BPI eyes shift to monthly bond offers
Bank of the Philippine Islands (BPI) plans to step up its bond issuances, initially on an opportunistic basis before eventually moving toward a more regular, even monthly, program.
In a chance interview with reporters, BPI president and CEO Jose Teodoro “TG” Limcaoco and Treasurer Dino Gasmen said the Ayala-led bank is exploring more frequent offerings. This, after seeing strong investor demand for their recent P50-billion Sigla bonds.
“The challenge is to do it monthly,” Limcaoco said, noting that bonds are good not only for the capital markets but also for the banking system.
He added that regulators have been pushing to deepen the local bond market, making it a more efficient funding source.
For now, however, BPI will issue bonds opportunistically, taking advantage of favorable market conditions.
“If you do it opportunistically, you try to get as big a size,” Limcaoco said. “If you do a program, you limit it because you know you’ll come out again.”
Gasmen said the bank does not yet have all the processes in place for a fully programmatic approach.
Even then, BPI’s board has given marching orders to eventually move in that direction, he added.
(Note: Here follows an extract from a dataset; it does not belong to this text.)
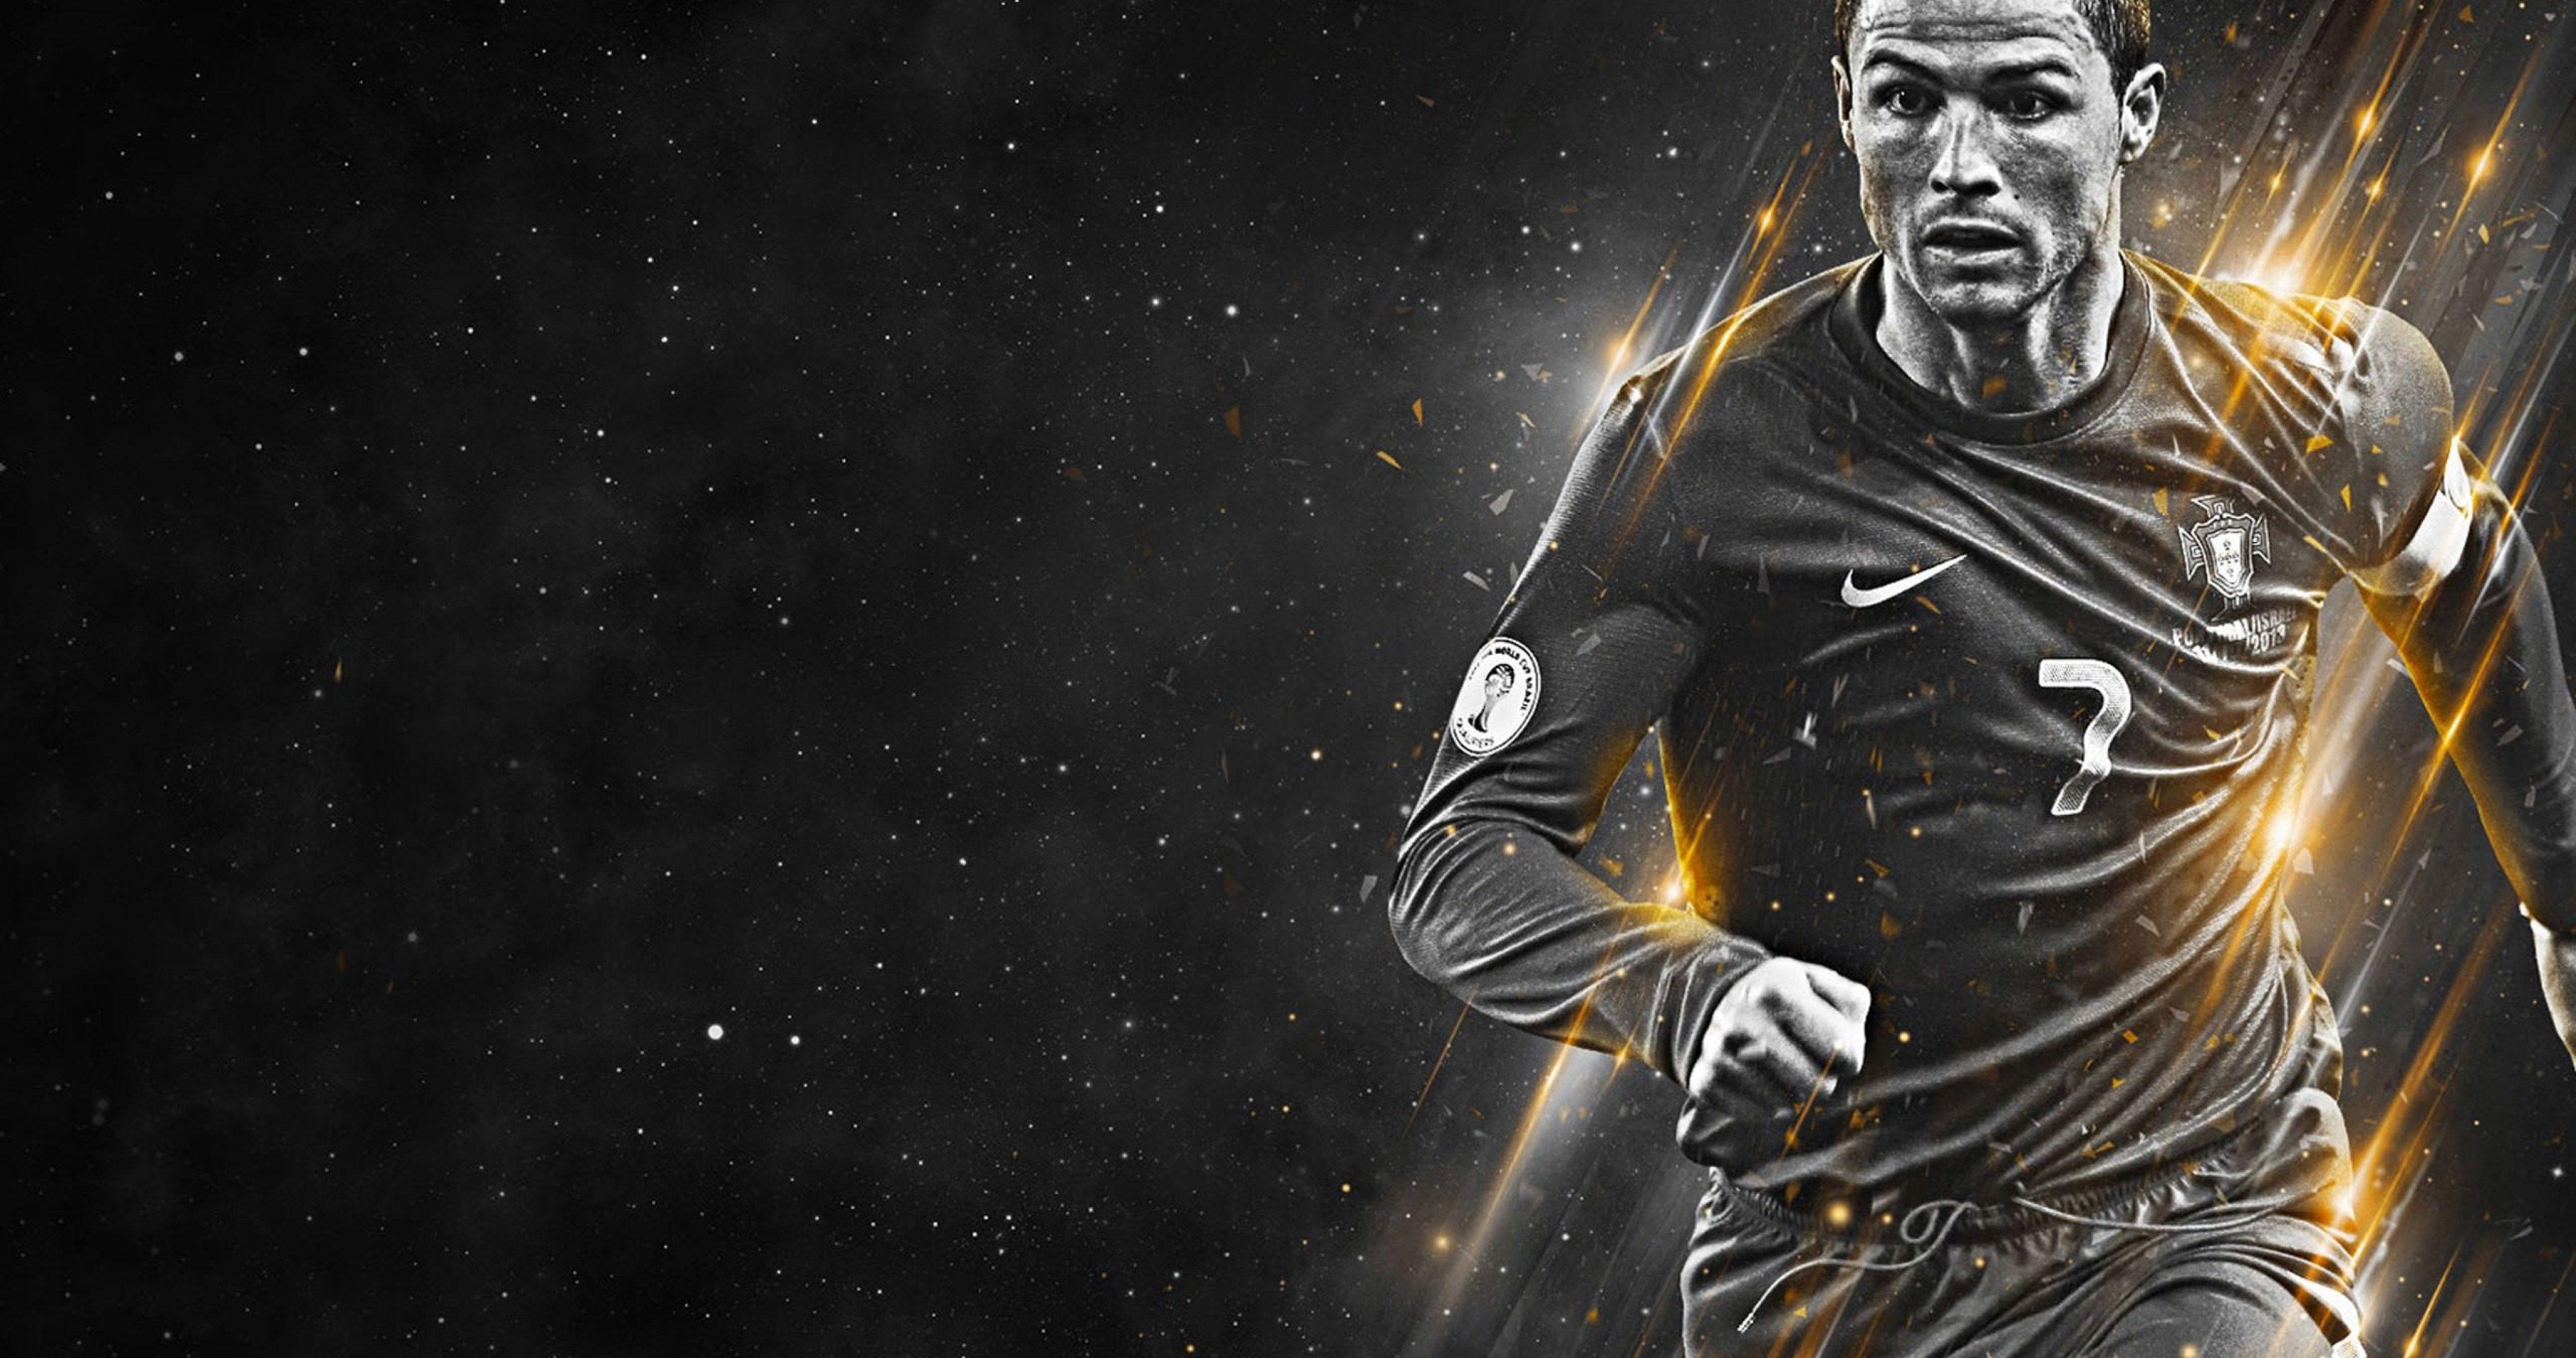 Ronaldo Cristiano 2015 4k Ultra Hd Wallpaper Cristiano Ronaldo Wallpapers Ronaldo Wallpapers Ronaldo Football Player

“Monthly is the eventual target,” Limcaoco said. “But maybe not yet because there are process issues that need to be worked on.”
BPI had initially targeted P5 billion for its latest bond issuance but ended up raising P50 billion.
This underscored strong liquidity in the market. Gasmen said even smaller deals—around P5 billion—would still be worth pursuing if done more frequently.
The bank is also keen on sustainability-linked issuances. Gasmen noted that environmental, social and governance (ESG) bonds carry a zero-percent reserve requirement, compared with 5 percent for time deposits.
Even regular “plain vanilla” bonds, he said, have become more attractive after the Bangko Sentral ng Pilipinas reduced the reserve requirement for such instruments to 2 percent from 3 percent.
On deployment, BPI said proceeds from last year’s P40-billion ESG bond were fully matched with qualifying assets. The bank has generated ESG assets in excess of that size.
BPI has also expanded its sustainability framework to include more social bond categories and 17 sectors under its Blue Bond framework. This covers projects like water treatment, sustainable shipping and financial inclusion.
Gasmen said the success of recent bond offerings encourages the bank to continue tapping the market.
“We feel that people like our bonds. That’s really how they view BPI as an institution—that it’s strong, creditworthy, fulfilling its promises to its constituents, shareholders and other interested parties,” he said.